Тост - [2]
— В ресторан?.. — с надеждой спросил Курочкин.
— Балда! — возмутился Силаев. — На какие ж это деньги?.. Нет, культурные люди в плацкартах от скуки читают что–нибудь эдакое: газетку там или «СПИД-инфо». А у меня в сумке только одна книжка — «Хрестоматия» какая–то. Я её у кума для дочки своей взял, кум эту книжку под сковородку подкладывал. Пусть, думаю, Олька попробует, почитает маленько. Вот я и открыл эту книженцию и, как говорится, погрузился. И даже какой–никакой кайф пошёл по жилам. И что же вы думаете? Бац! на ближайшей остановке подсаживаются ко мне попутчики: рыхлая тётка какая–то и с нею внучка. Знаете, есть такие пассажиры, которые садятся в поезд только затем, чтобы жрать. Вот и эта: примостилась напротив меня, водрузила себе на колени внучку, и давай они на пару наворачивать за обе щеки! Тут у меня у самого в животе трескотня, а она развернула свои свёртки и — как свинья, ей–богу… И харчи у неё вонючие какие–то, честное слово. Ощущение такое, что три дня она в дорогу готовилась, а холодильника дома нету… Жуткая баба! А внучка под стать ей: диатезная, сопливая, возле рта заеды, прямо язвы уже…
— Ну да, хуже всего, когда дети едут, — согласился четвёртый их товарищ, молчавший доселе Николай Липягин, художник местного клуба. — Вечно они — то какать, то писять, то плачут, то смеются…

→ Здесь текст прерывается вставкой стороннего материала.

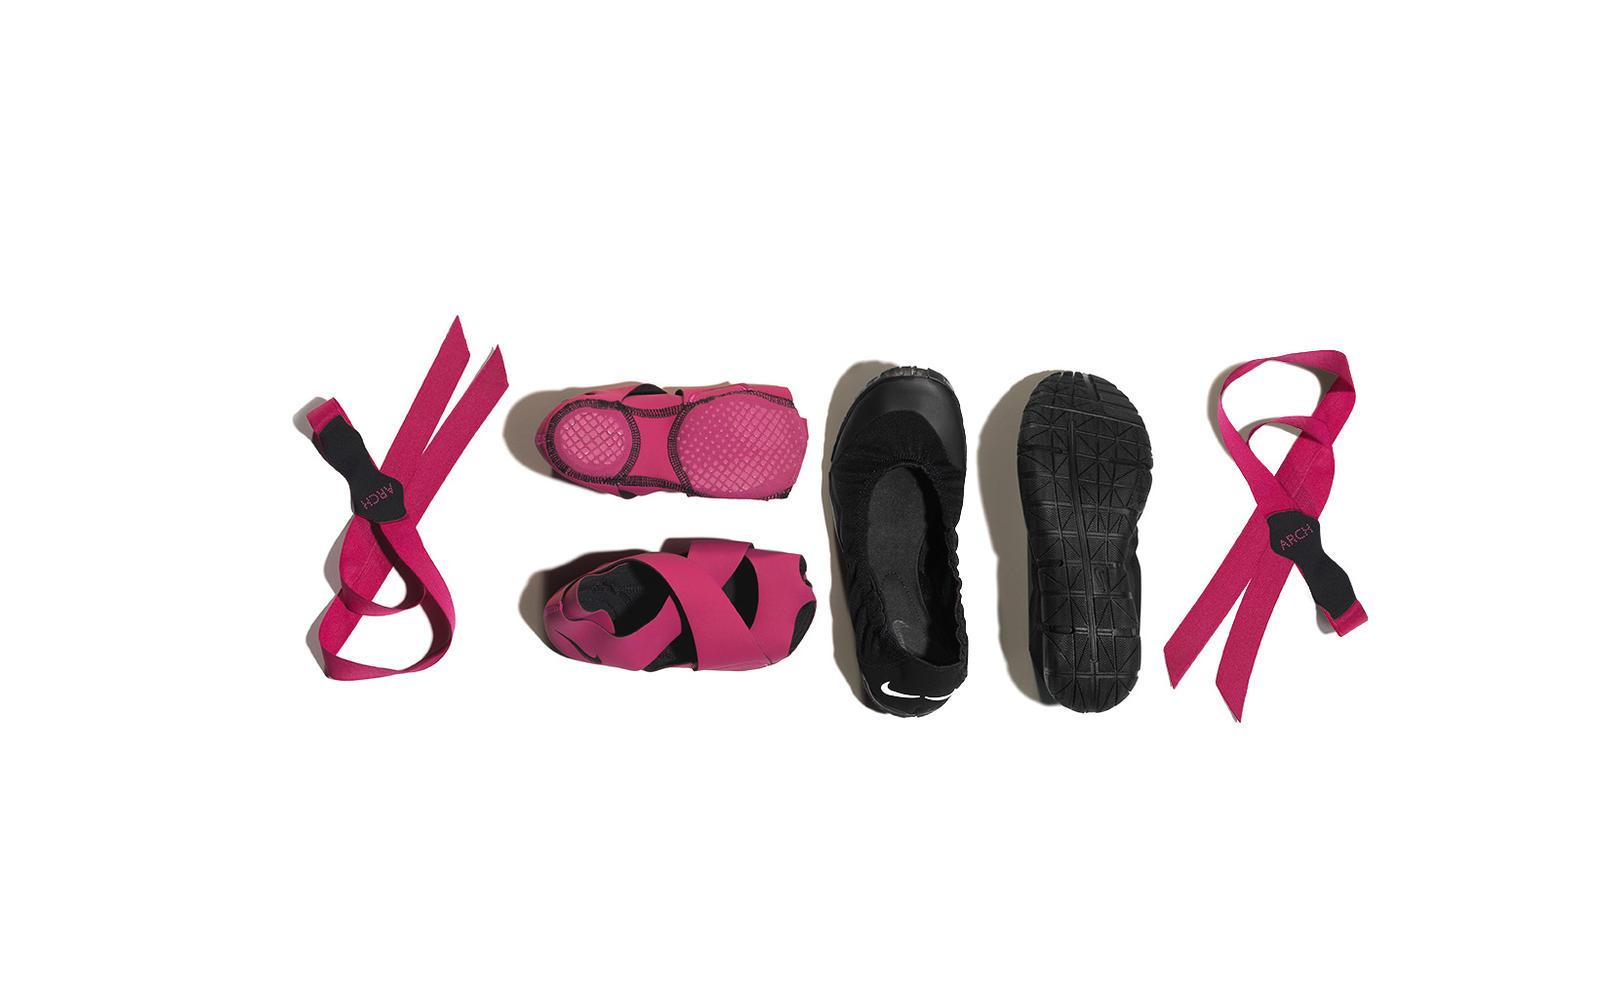 N0wpxn8ok Yoga Billig Schuhe Yoga N0wpxn8ok Billig Nike Yoga Billig Nike Schuhe Nike O0wPnk

— Но самое ужасное, что бабища эта напоследок решила воблы, бля, откушать! Где уже ей сообразить, что в дороге оно самое последнее дело: водой потом обопьёшься, как верблюд… Стала она рвать эту рыбу, кишки на газетку складывать, шехуя в разные стороны летит, вонь стоит ужасная, мухи со всего вагона слетелись и на лету дохнут. А она знай себе наяривает, плавничок оторвёт и сосёт его, причмокивает…
— Кошмар! — поёжился Липягин.
— А мне–то каково! Ты, тётка, глянь на меня, Христа ради, внимательнее: я ж «Хрестоматию» открыл! Когда такое было?! Сижу, Анну Ахматову, можно сказать, читаю, а тут вдруг солёная рыба какая–то, и мухи кругом жужжат, и воняет ужасно. Вот и судите: как хорошо было бы, если бы без баб ехать…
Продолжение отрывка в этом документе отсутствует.